Dataset excerpts
▽

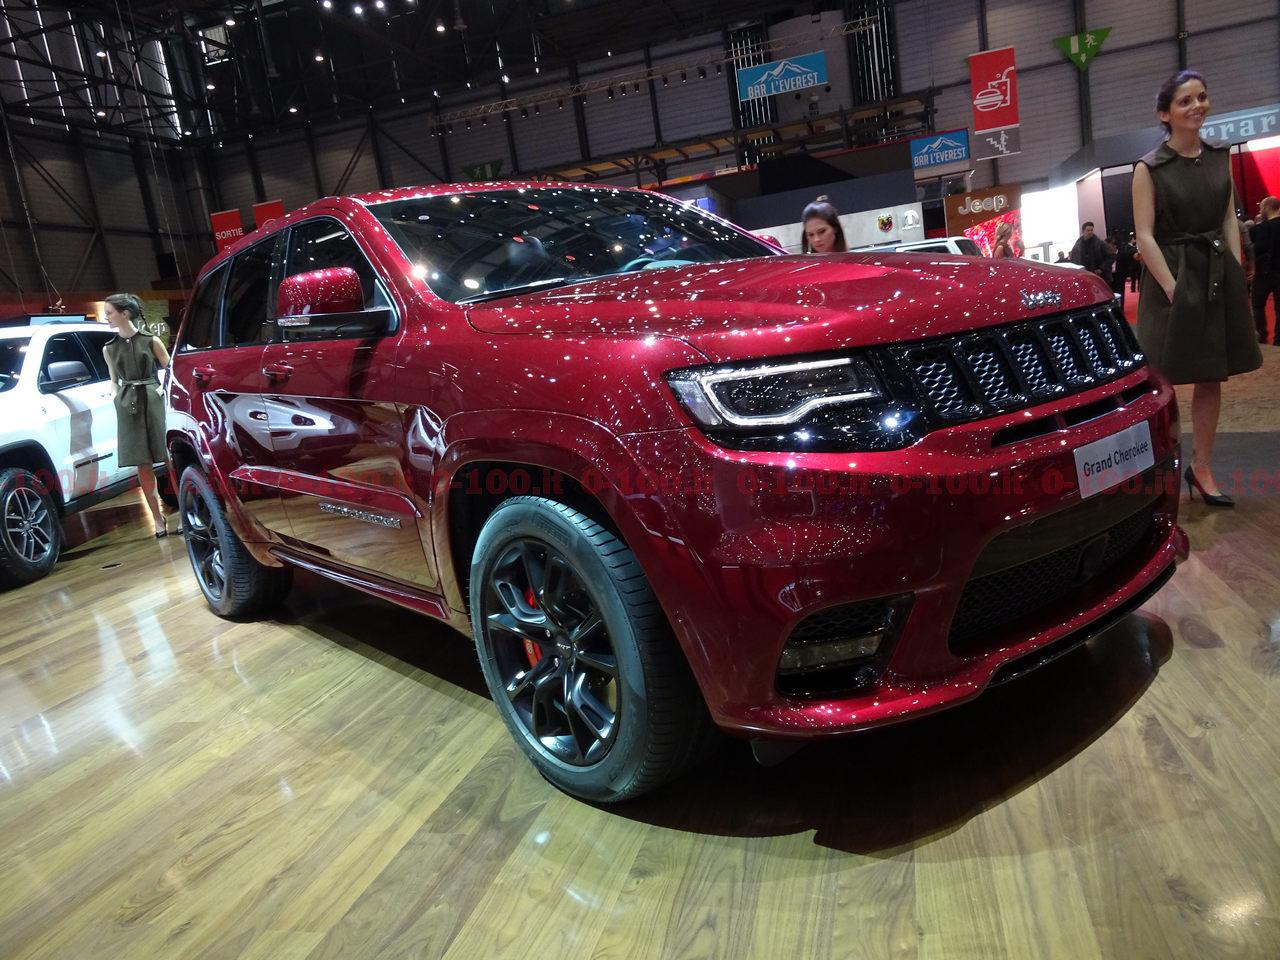 ginevra-geneva-geneve-2017_jeep-0-100_20
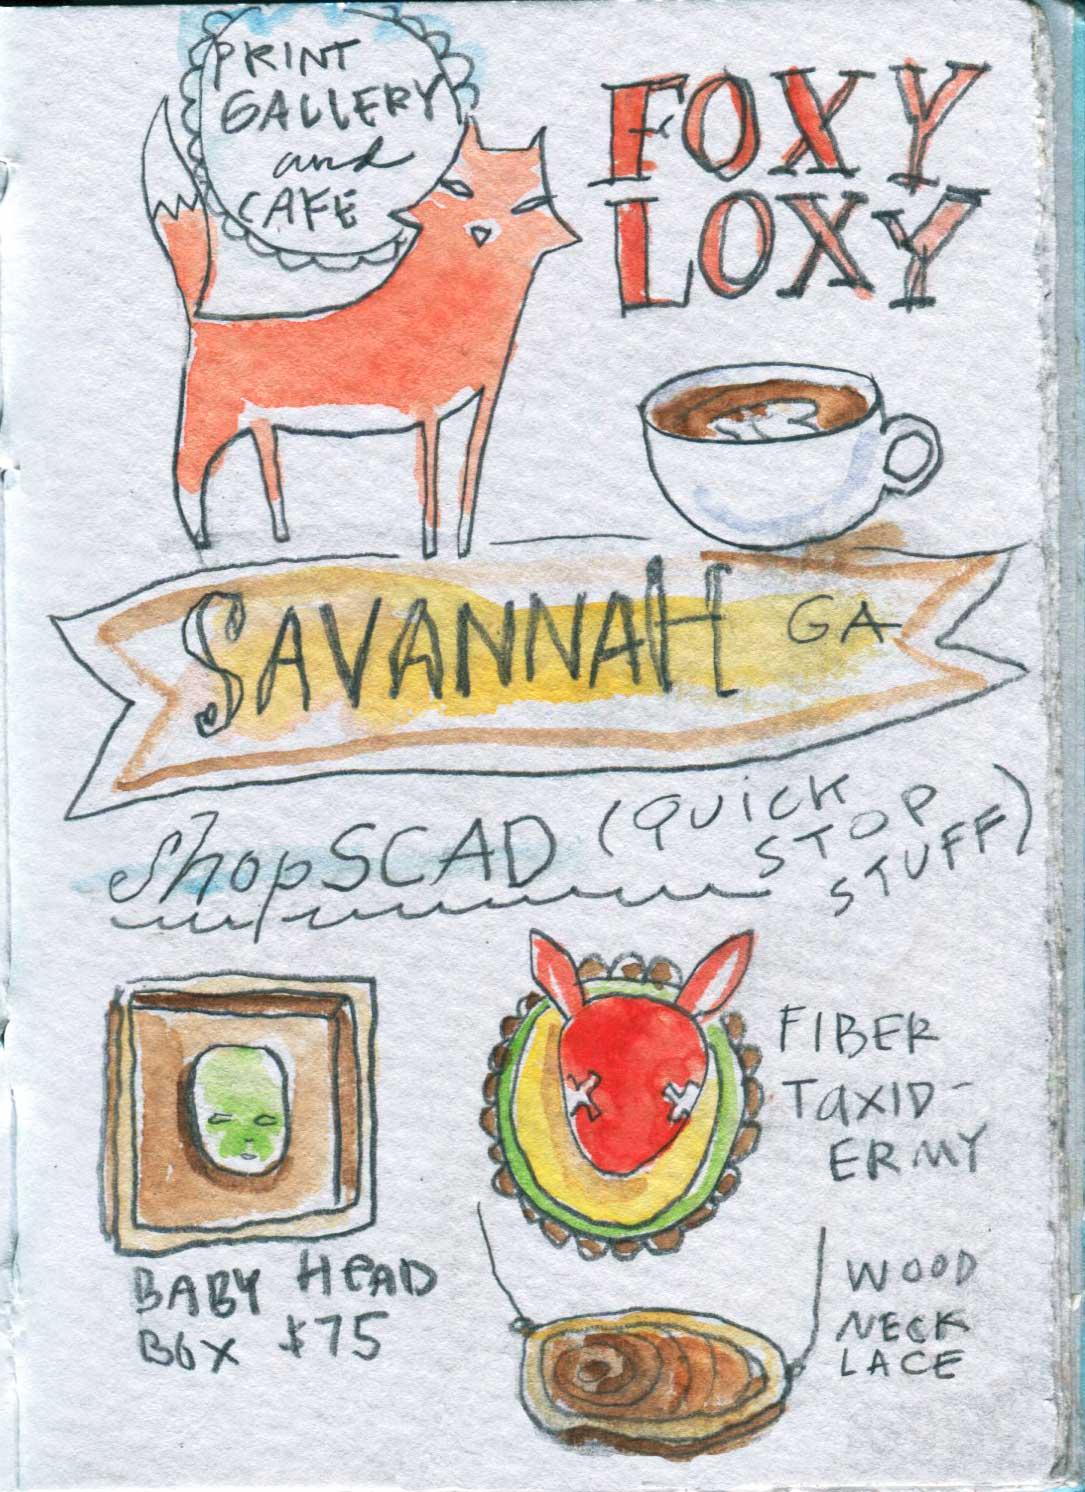 foxy-loxy080
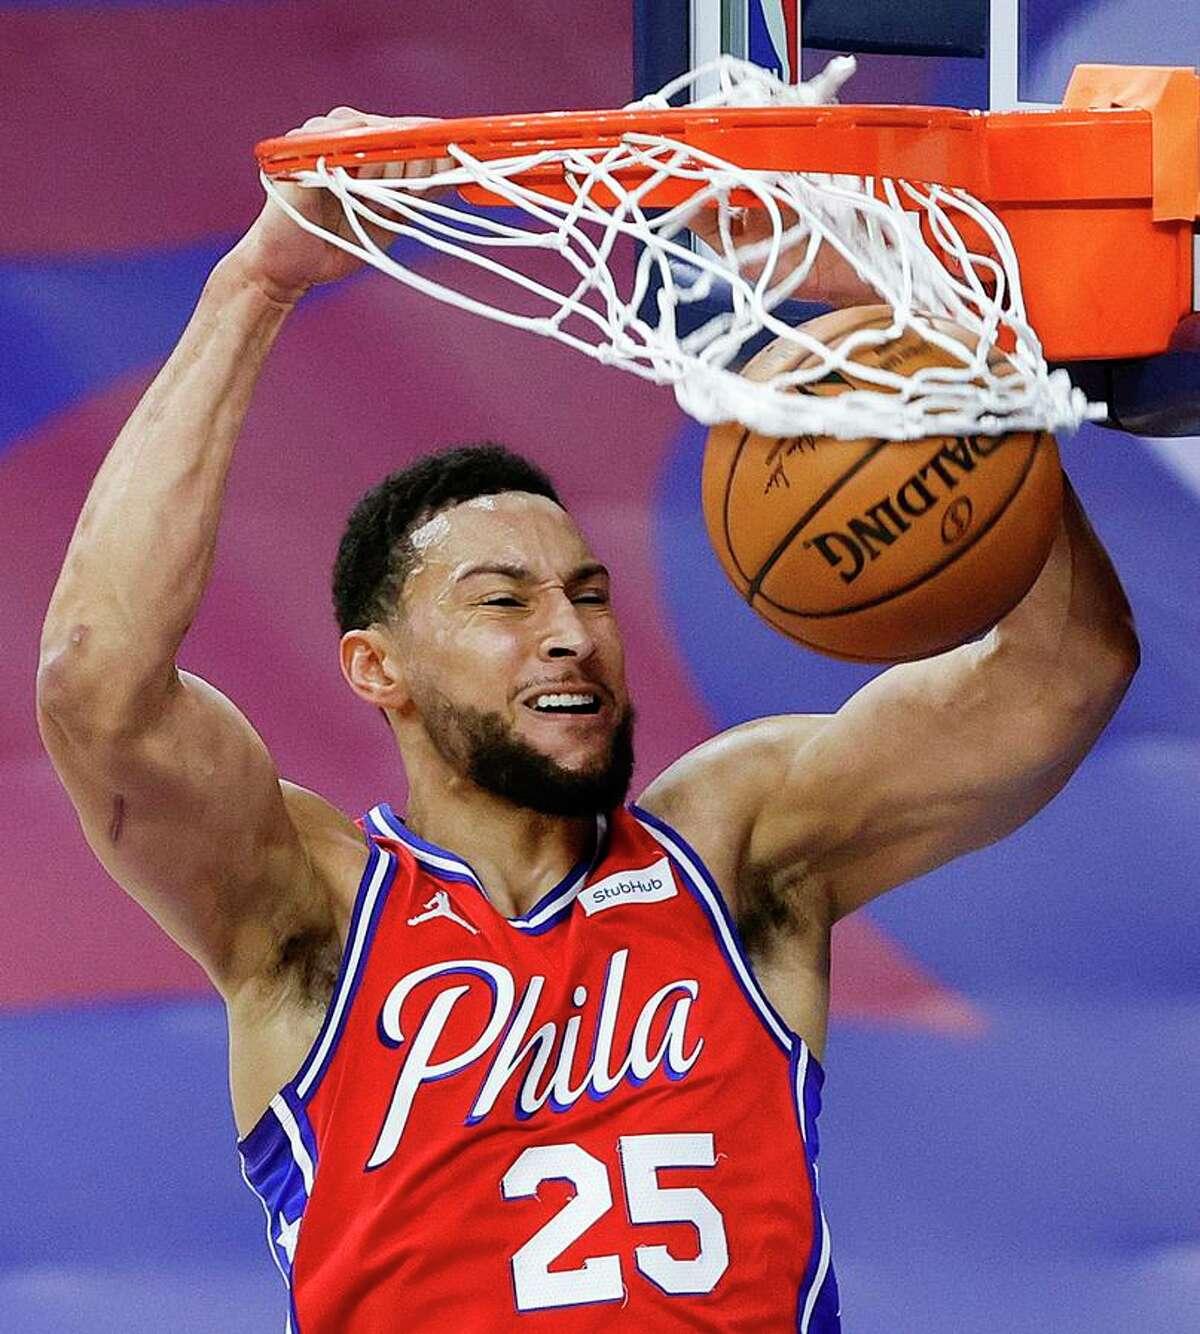 PHILADELPHIA, PENNSYLVANIA - JANUARY 22: Ben Simmons #25 of the Philadelphia 76ers dunks during the first quarter against the Boston Celtics at Wells Fargo Center on January 22, 2021 in Philadelphia, Pennsylvania.
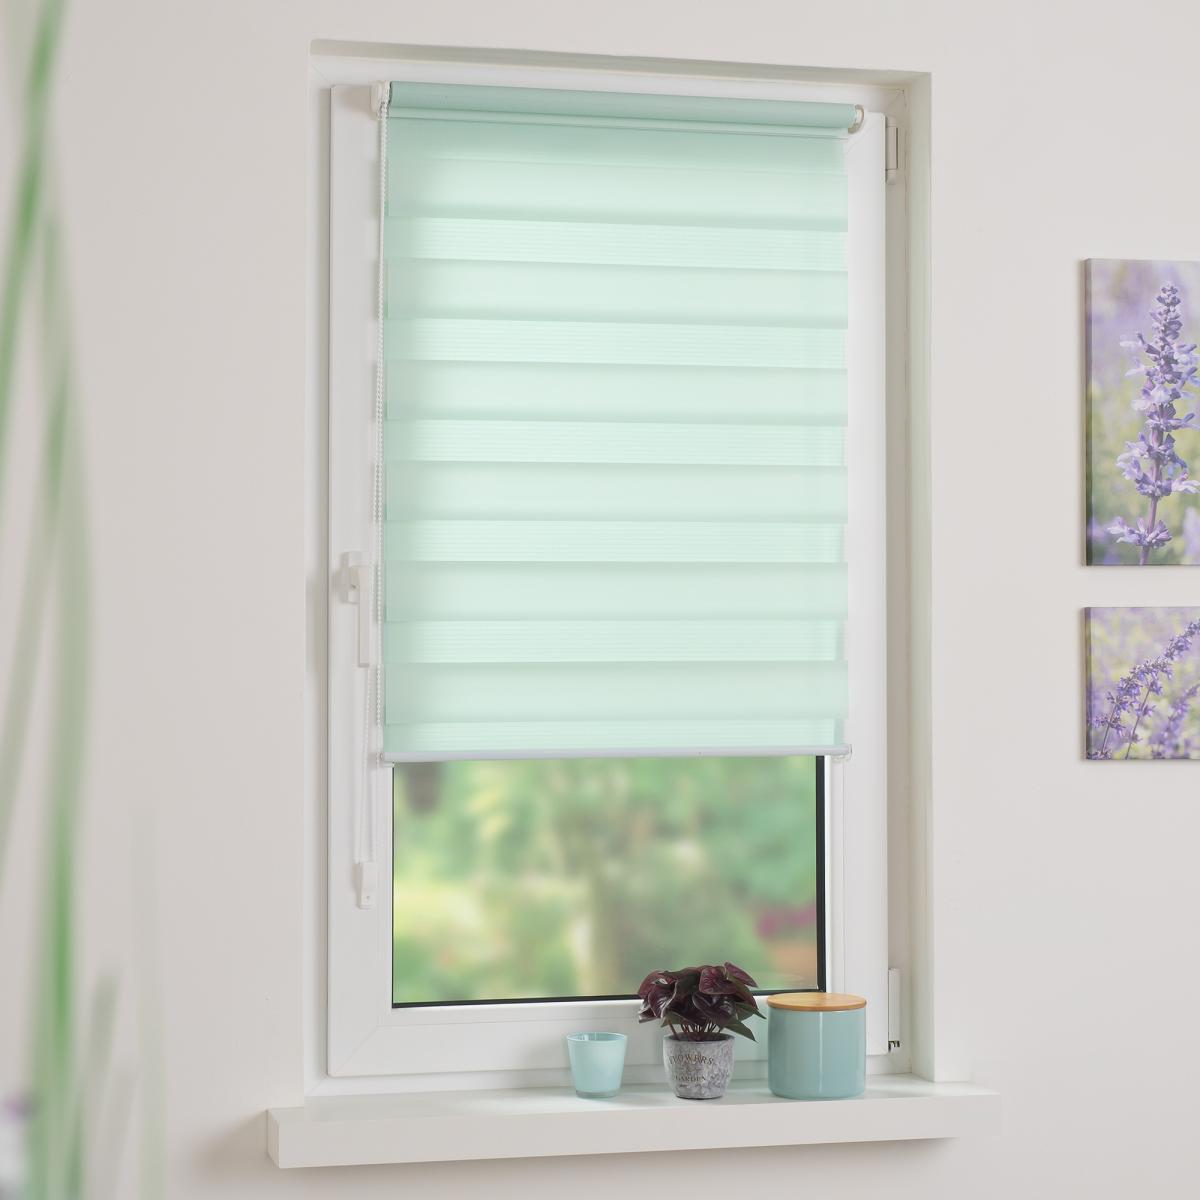 Bild 1 von Bella Casa Duo-Rollo mini, Klemmfix Doppelrollo, pastellgrün, Rollo 45 x 160 cm (B x H)
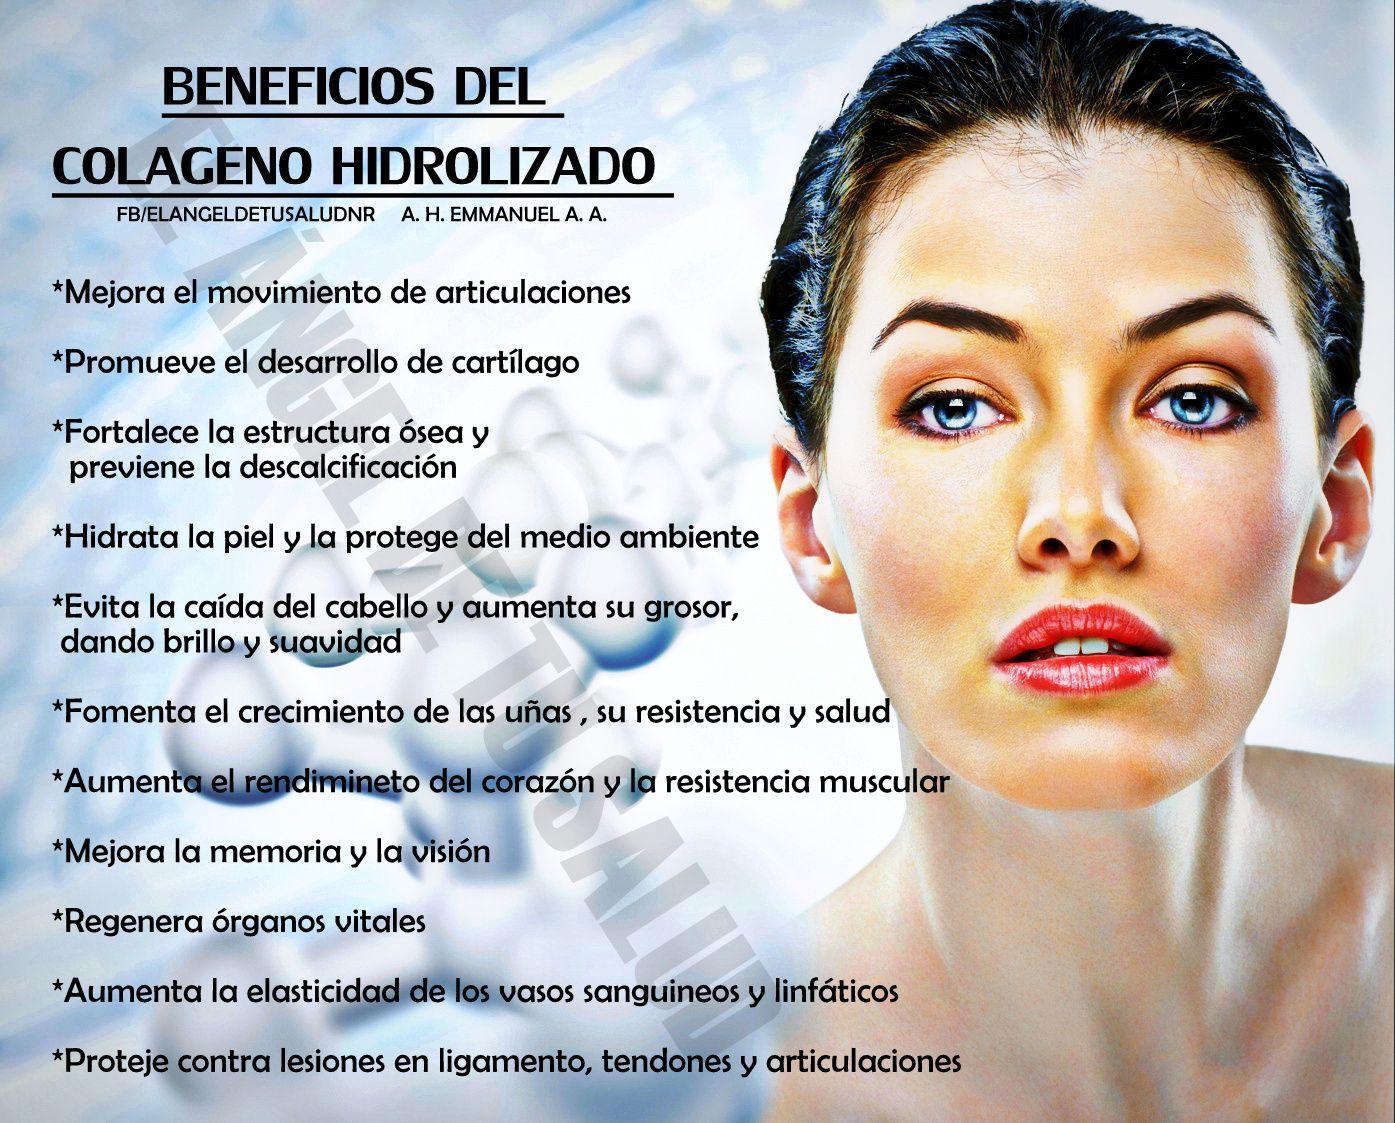 Beneficios del colageno hidrolizado salud y belleza pinterest salud liquid detox and vitamins - Alimentos con colageno hidrolizado ...
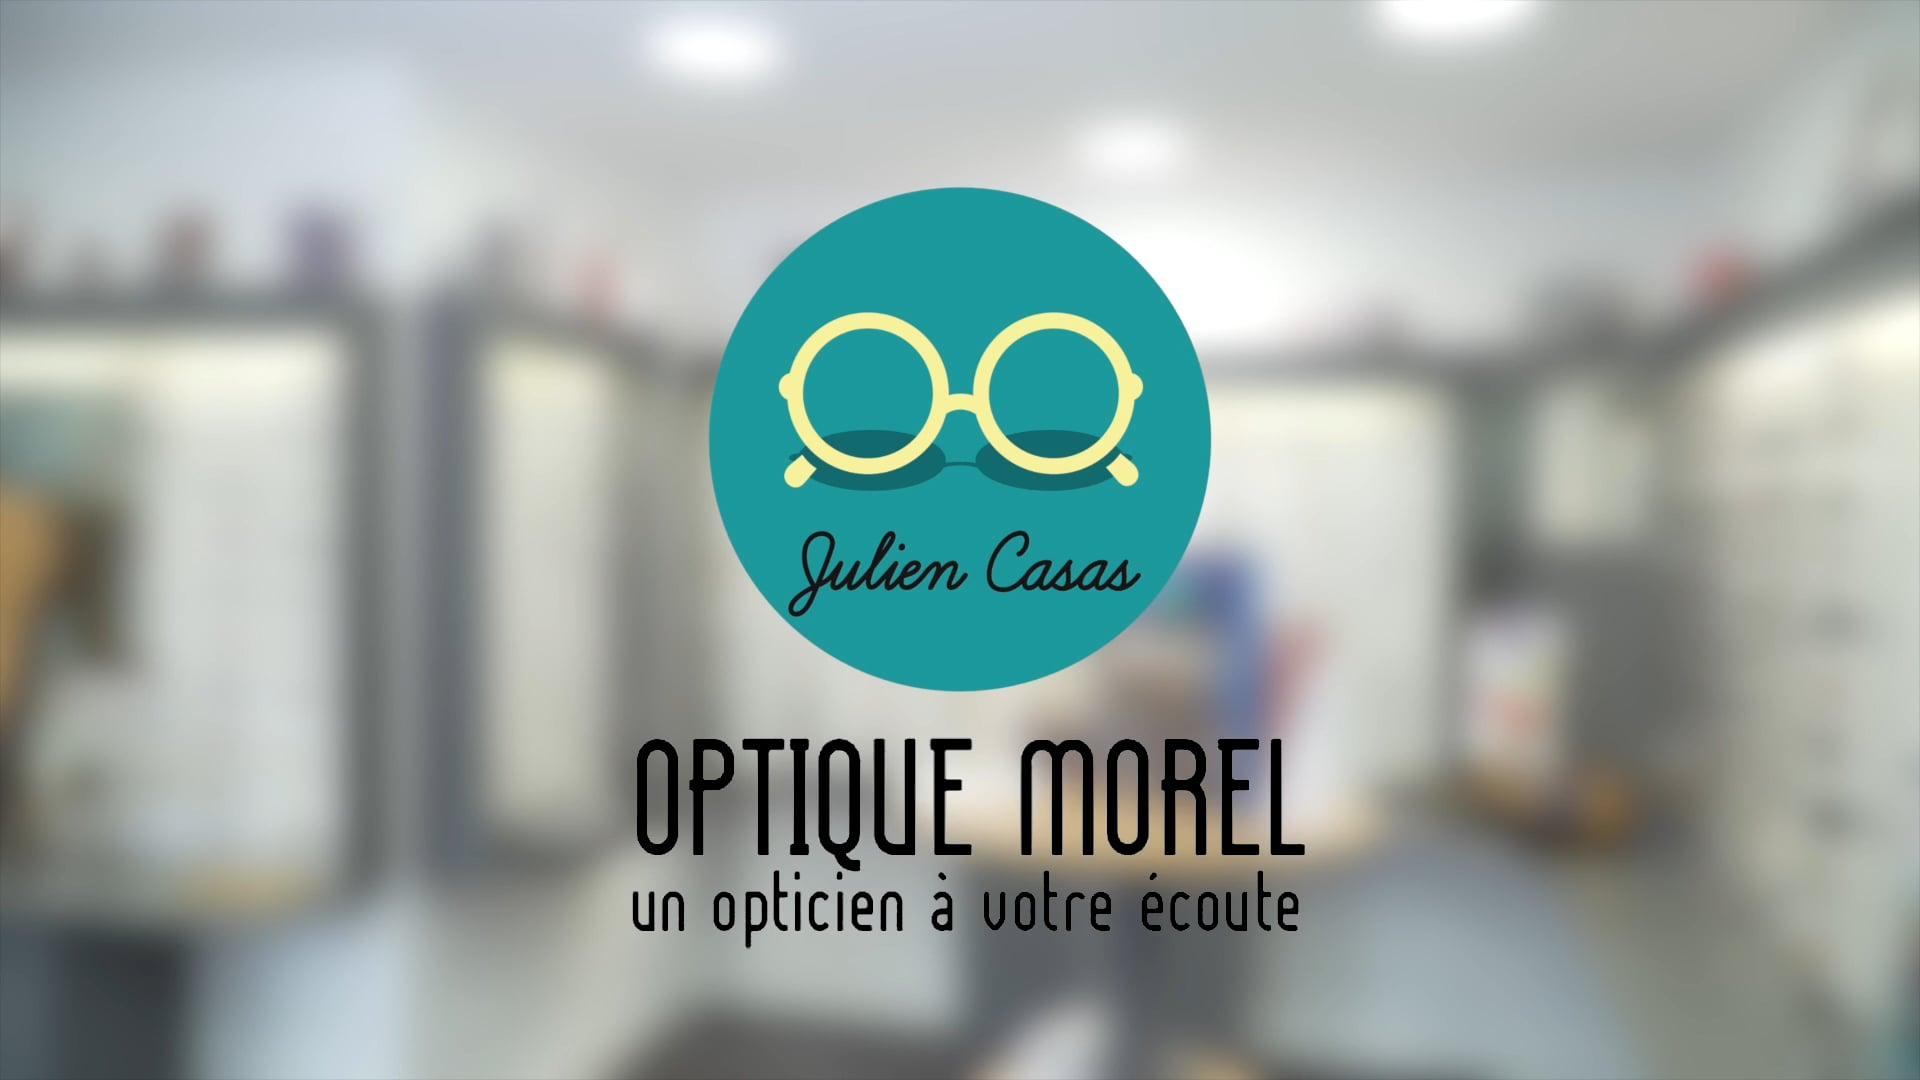 Optique morel

△

• _What you need to do_
The reply should reproduce every entry above word for word and contain no pictures.

• _Result for this exercise_
 ginevra-geneva-geneve-2017_jeep-0-100_20
 foxy-loxy080
 PHILADELPHIA, PENNSYLVANIA - JANUARY 22: Ben Simmons #25 of the Philadelphia 76ers dunks during the first quarter against the Boston Celtics at Wells Fargo Center on January 22, 2021 in Philadelphia, Pennsylvania.
 Bild 1 von Bella Casa Duo-Rollo mini, Klemmfix Doppelrollo, pastellgrün, Rollo 45 x 160 cm (B x H)
 Beneficios del colageno hidrolizado salud y belleza pinterest salud liquid detox and vitamins - Alimentos con colageno hidrolizado ...
 Optique morel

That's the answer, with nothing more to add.